Challenge Overview
Background Overview
We want to update the way we collect information from a website periodically. The current experience requires a person to update the information manually from the Texas RRC (Railroad Commission) website, record data in excel spreadsheets, and has no means for data visualization or analytics.
Basically, what is going on here is that there is an administrator for the spreadsheet at our client that manually updates this spreadsheet based on information that is publicly available.

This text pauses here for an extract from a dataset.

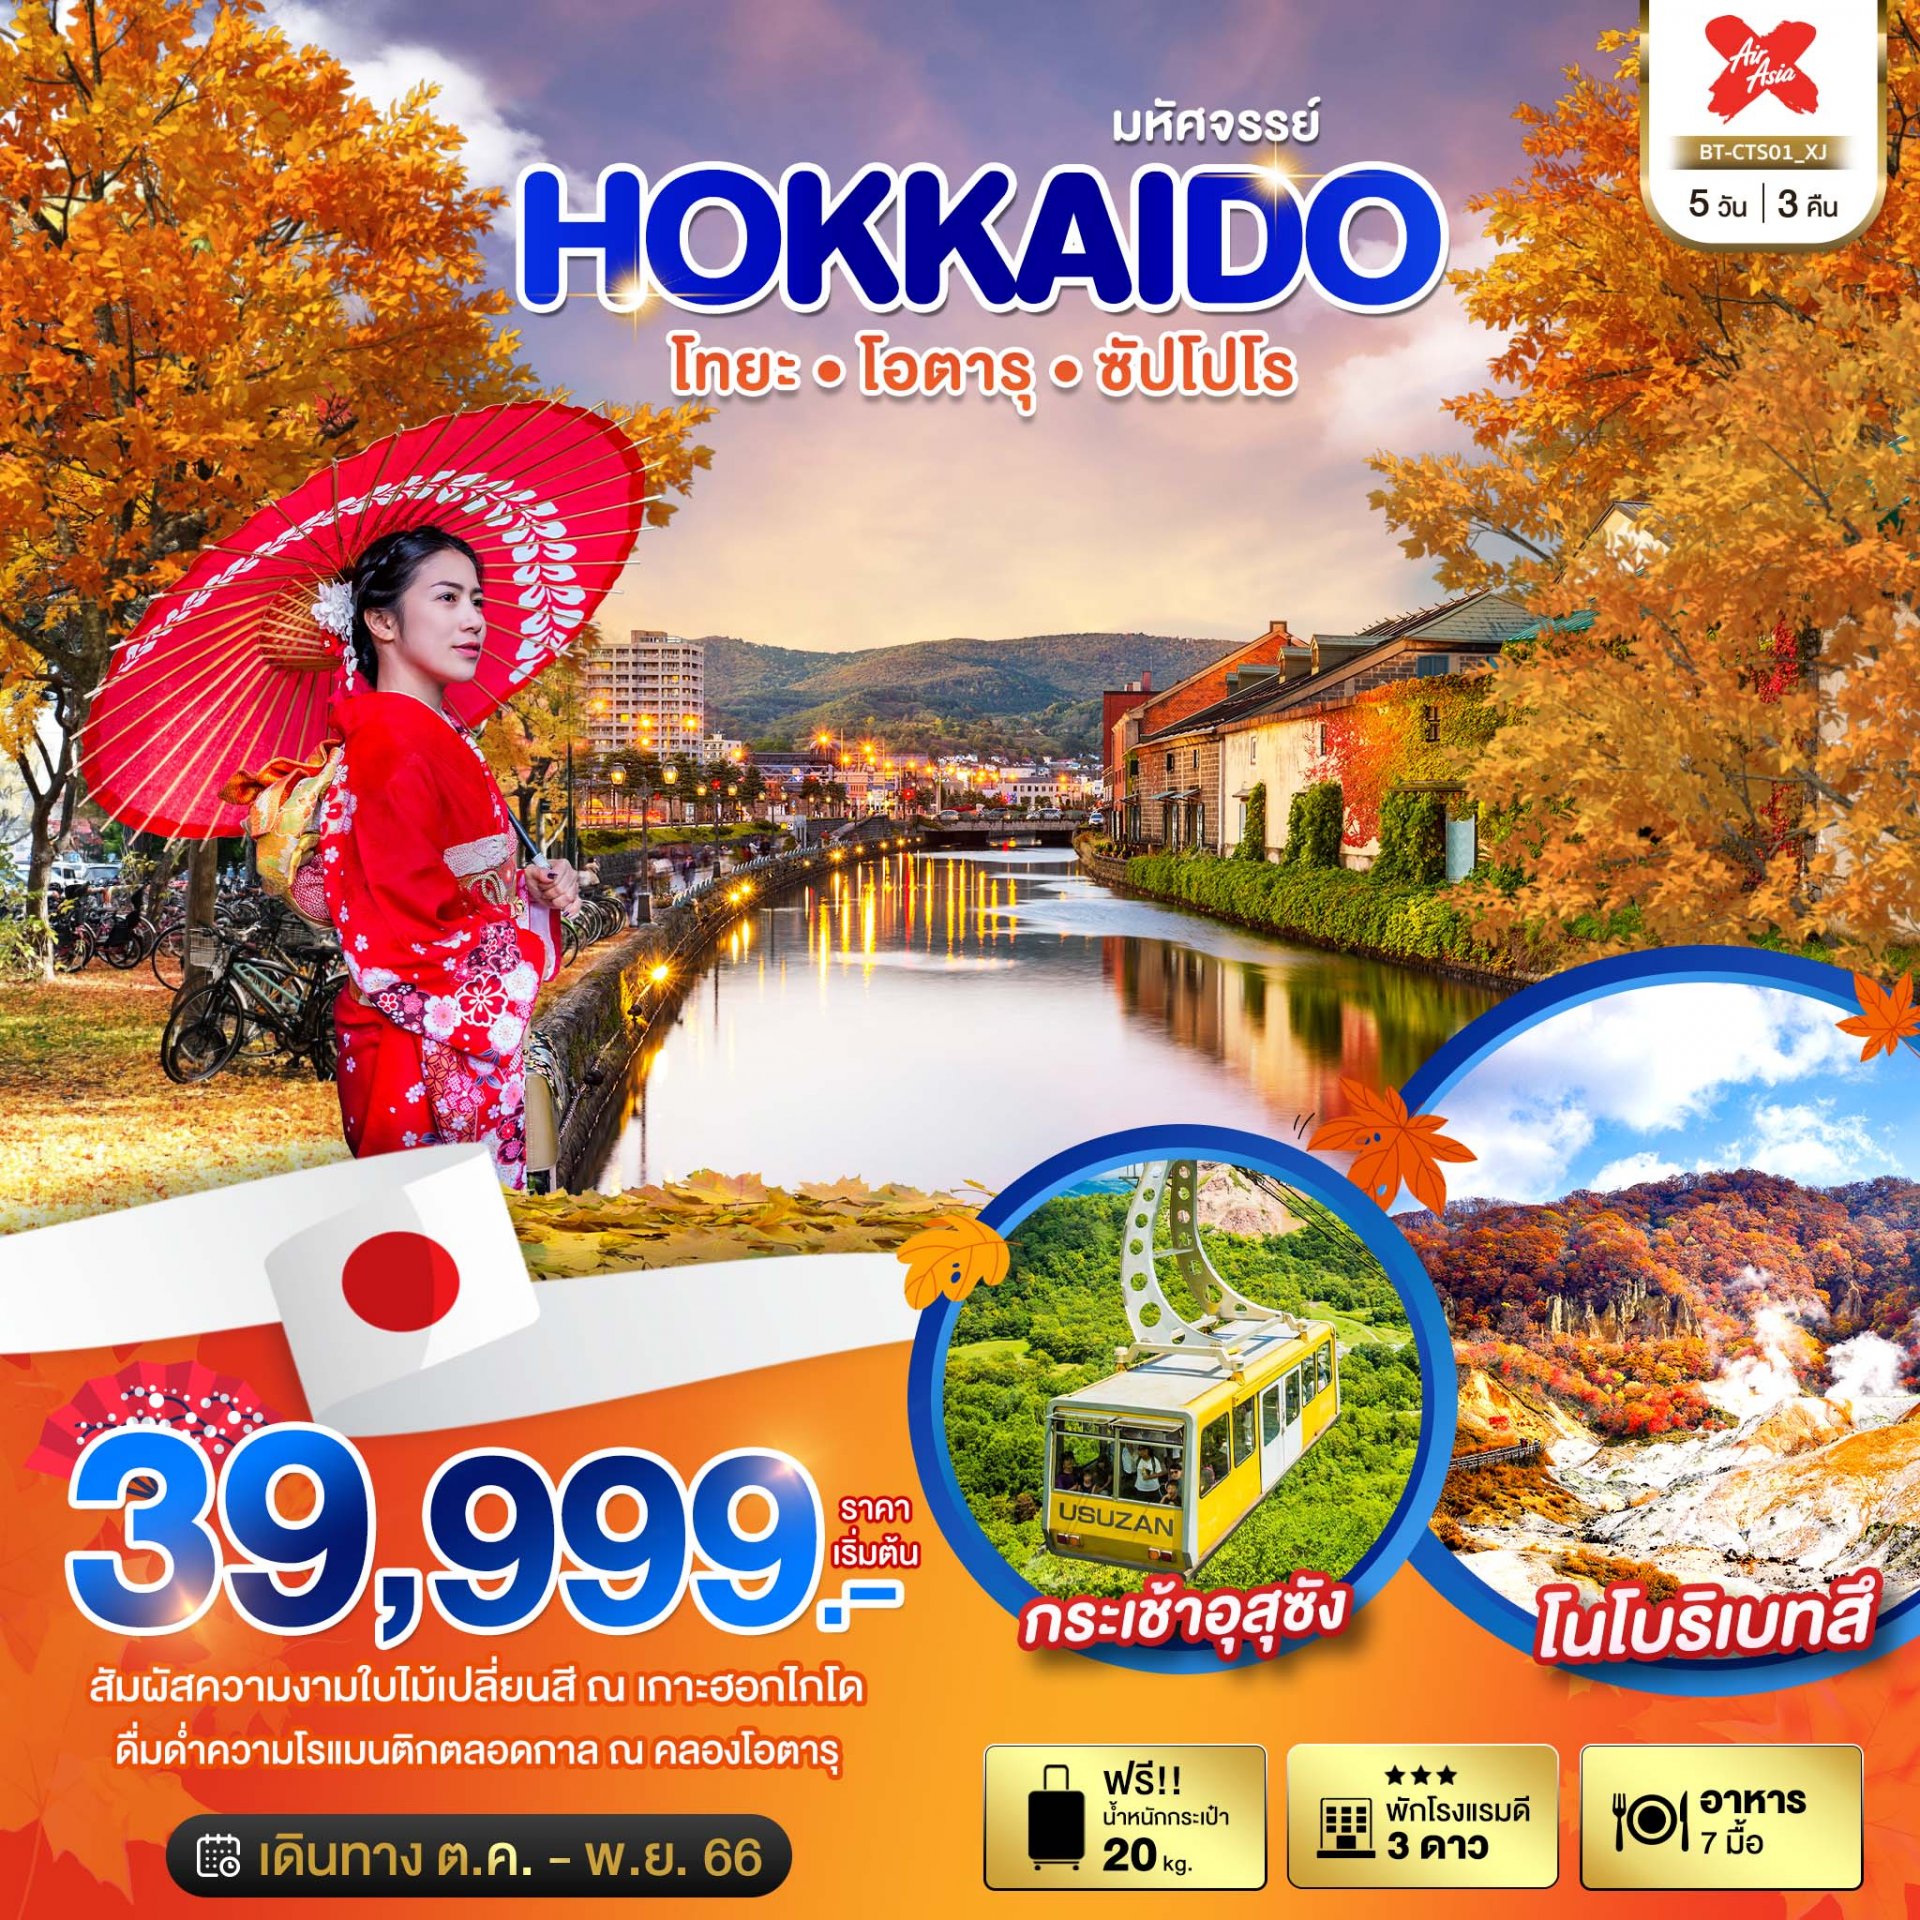 ทัวร์ญี่ปุ่น : มหัศจรรย์...HOKKAIDO โทยะ โอตารุ ซัปโปโร 5 วัน 3 คืน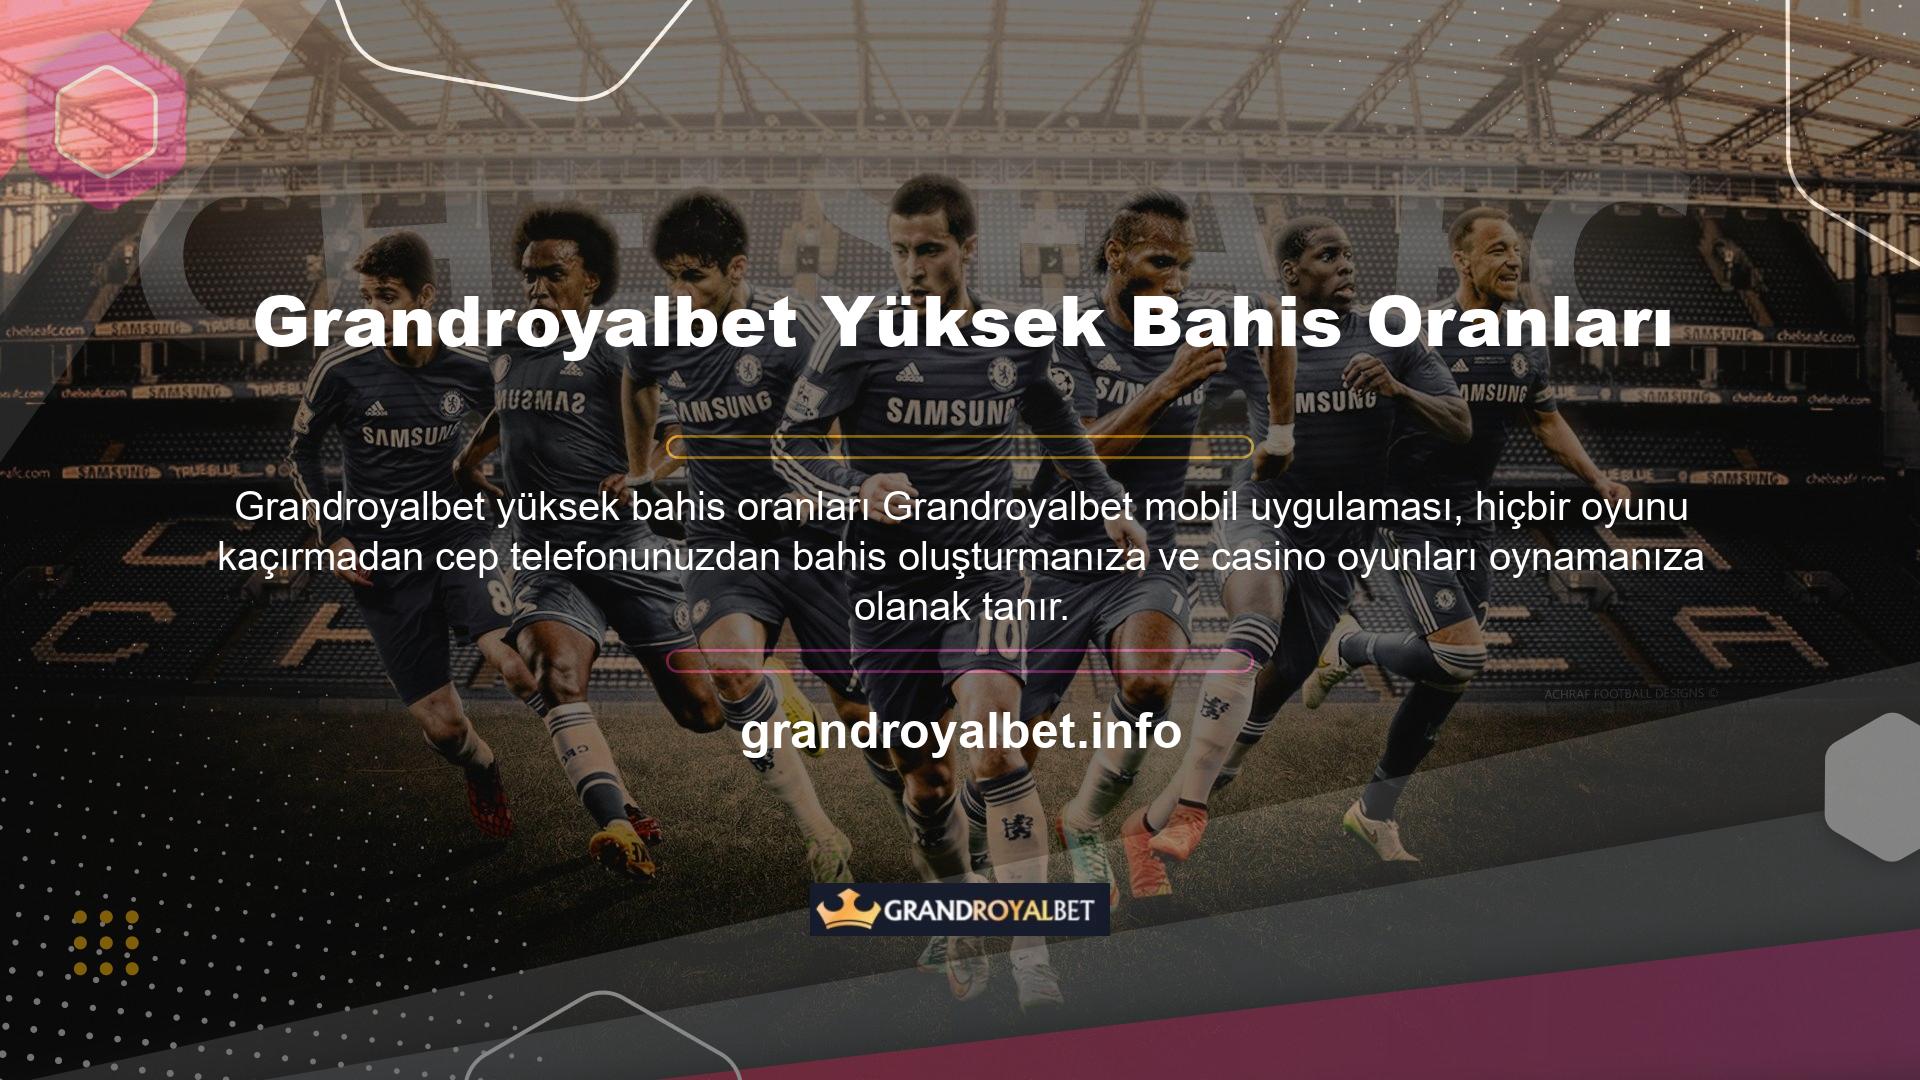 Grandroyalbet Yüksek OranlarGrandroyalbet Spor Bahisleri, genel spor bahislerindeki yüksek oranları ve Türkiye'nin çok üzerinde bonus uygulamalarıyla Türk bahisçilerinin kalbini kazandı

We're going to build a process that scrapes a website to populate the majority of the information. But the admin will still need to go in a verify that information is being updated correctly and fill in missing values from some handwritten documents. The state of Texas still allows the submission of handwritten Well Permits and other documents, so automated extraction will be difficult for some elements.
Challenge Overview
For this challenge, we are looking to build a tool that will simulate the process and scrape data automatically:
-
We have provided a word doc showing how this is manually done today, we expect this challenge to simulate the same process using code.
-
The data we’d like to scrape is highlighted with red circles in the document, we need to extract the values and then save them into a SQL Server database, we’ll provide the table schema in the forum. The table schema should be updated to best match the data we are scraping in this challenge. Note you can skip populating columns S, T , U, V , BE, BF, BG, BH in this challenge, but you must NOT delete these columns.
-
We need to scrape as much data as possible based on what’s described in the word doc, but we can skip the ones that require OCR for now and simply insert a link to the document for now.
-
You may use Python or Java for this tool.
Technologies
Python / Java 8
The solution should work on different platforms (Mac / Linux / Windows)
Final Submission Guidelines
Submission Deliverables
A single zip file that contains the following:
-
Complete code that covers the above mentioned requirements.
-
A detailed readme in markdown format describing how to configure, run and verify your submission.
-
Verification details should be provided (video or screenshots are welcome).